- _Supplied data_:
+++
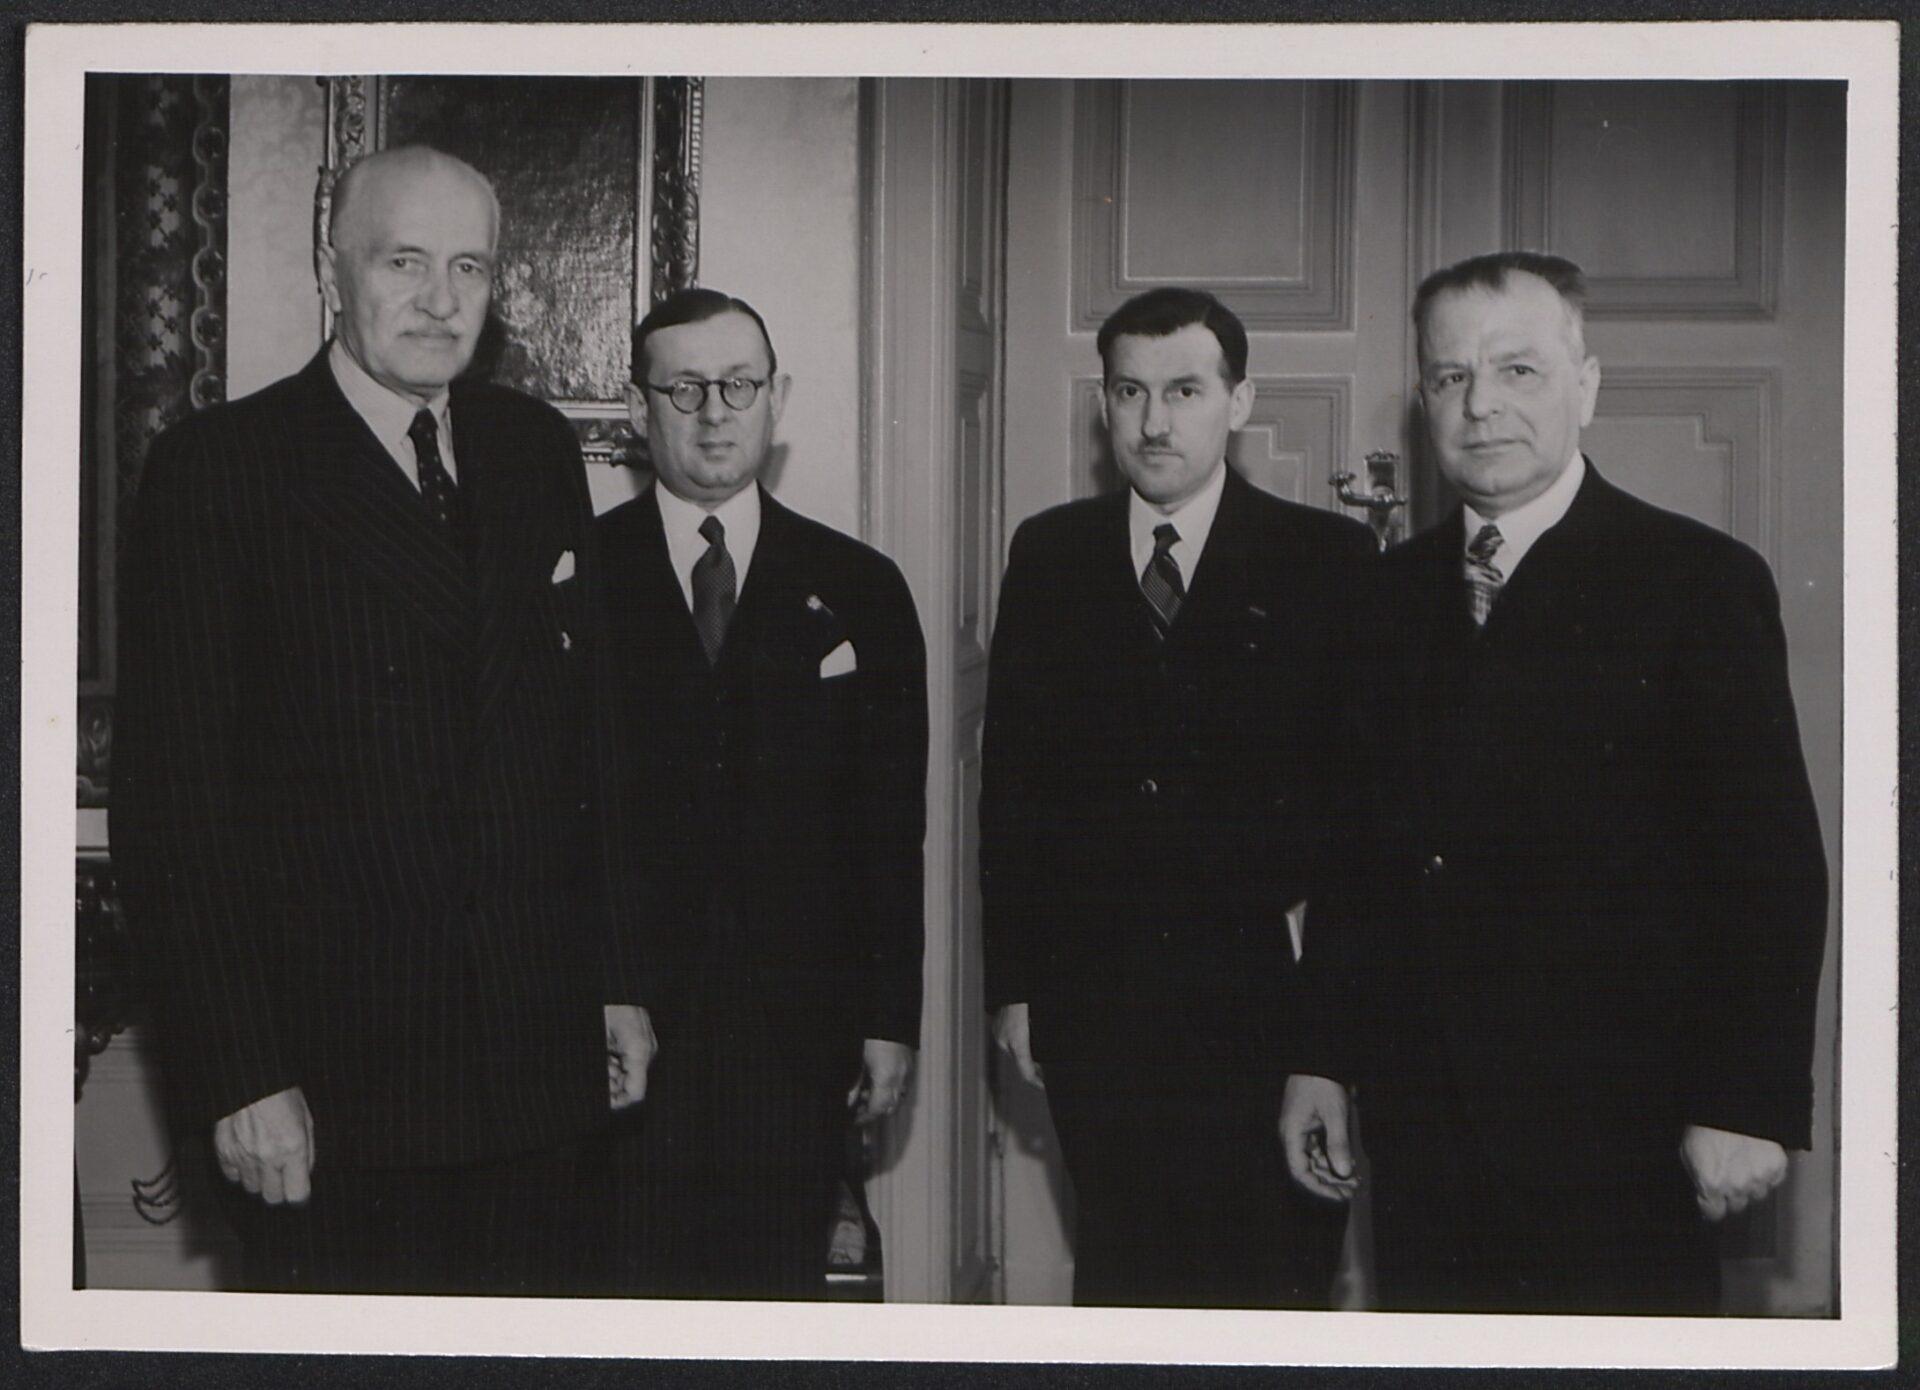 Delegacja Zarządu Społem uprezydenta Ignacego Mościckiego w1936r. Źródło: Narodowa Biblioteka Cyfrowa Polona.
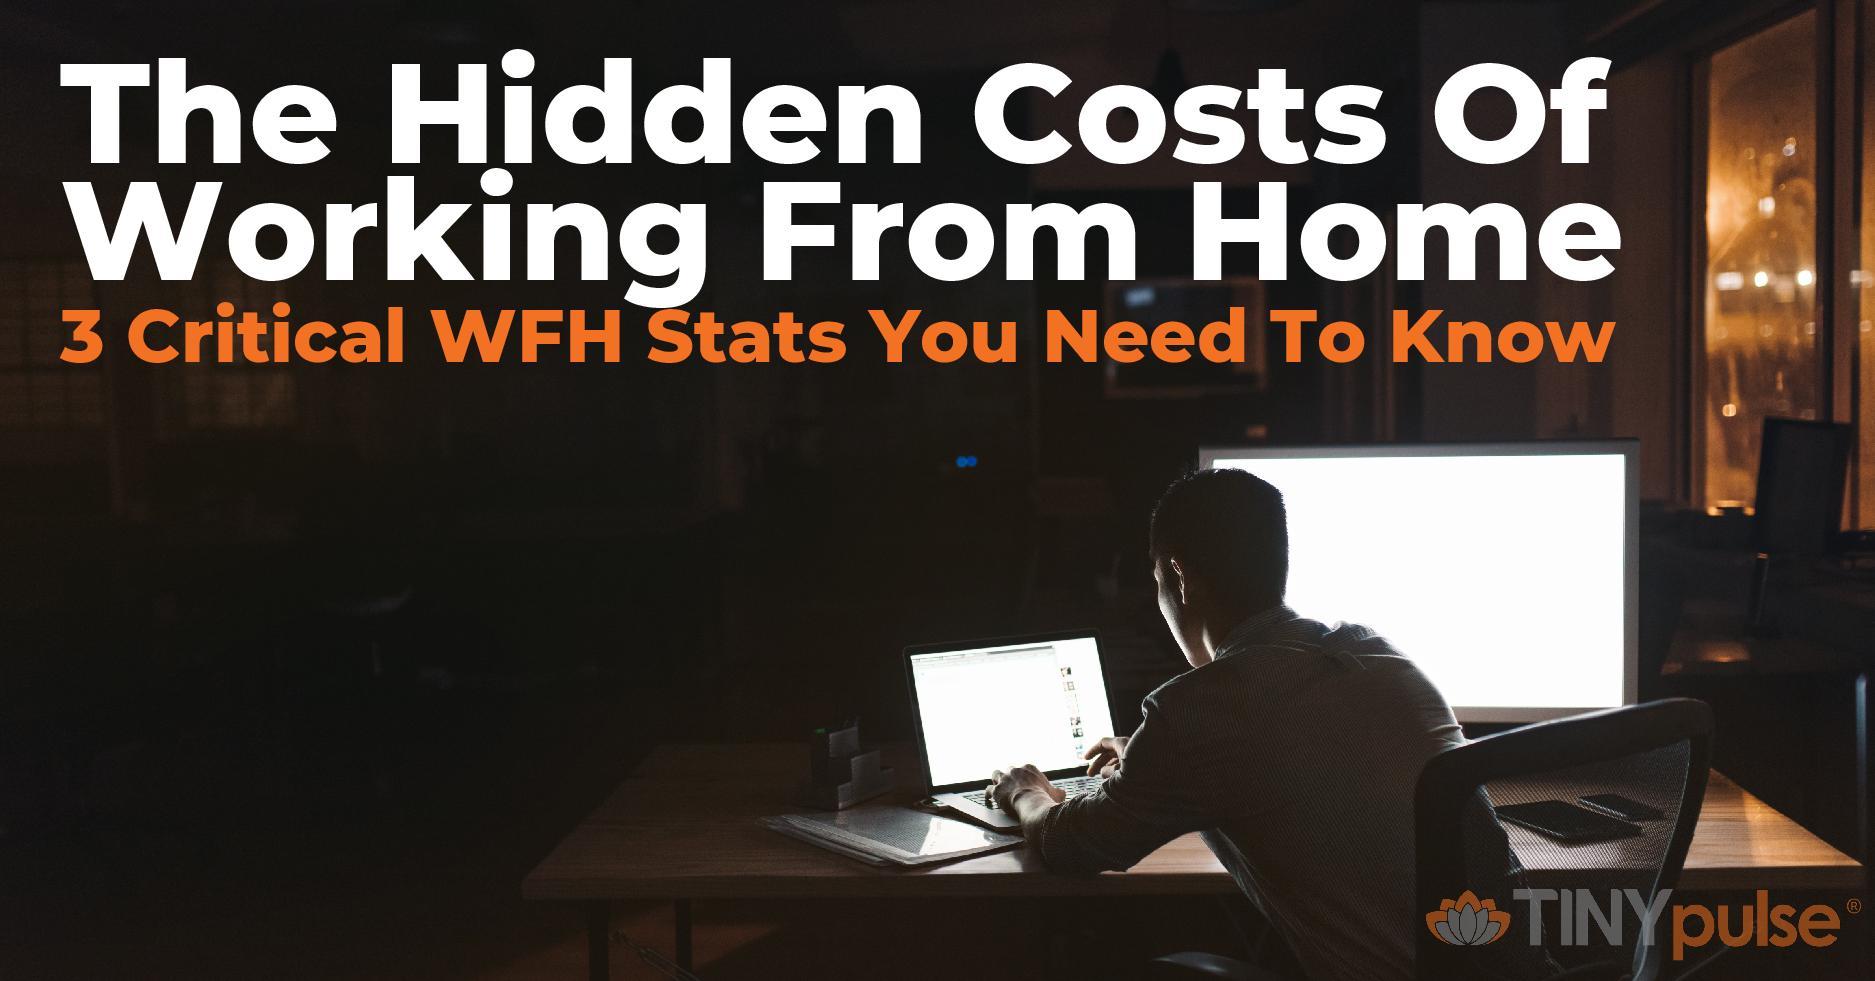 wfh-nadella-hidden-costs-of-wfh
+++
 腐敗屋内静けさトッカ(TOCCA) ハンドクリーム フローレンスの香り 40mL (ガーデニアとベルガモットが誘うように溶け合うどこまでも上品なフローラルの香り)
+++
- _Task_:
Would you restate, exactly and with no pictures, the lines of the entries above from the one containing "Delegacja Zarządu Społem" through the one containing "wfh-nadella-hidden-costs-of-wfh"?

- _Finished task_:
 Delegacja Zarządu Społem uprezydenta Ignacego Mościckiego w1936r. Źródło: Narodowa Biblioteka Cyfrowa Polona.
 wfh-nadella-hidden-costs-of-wfh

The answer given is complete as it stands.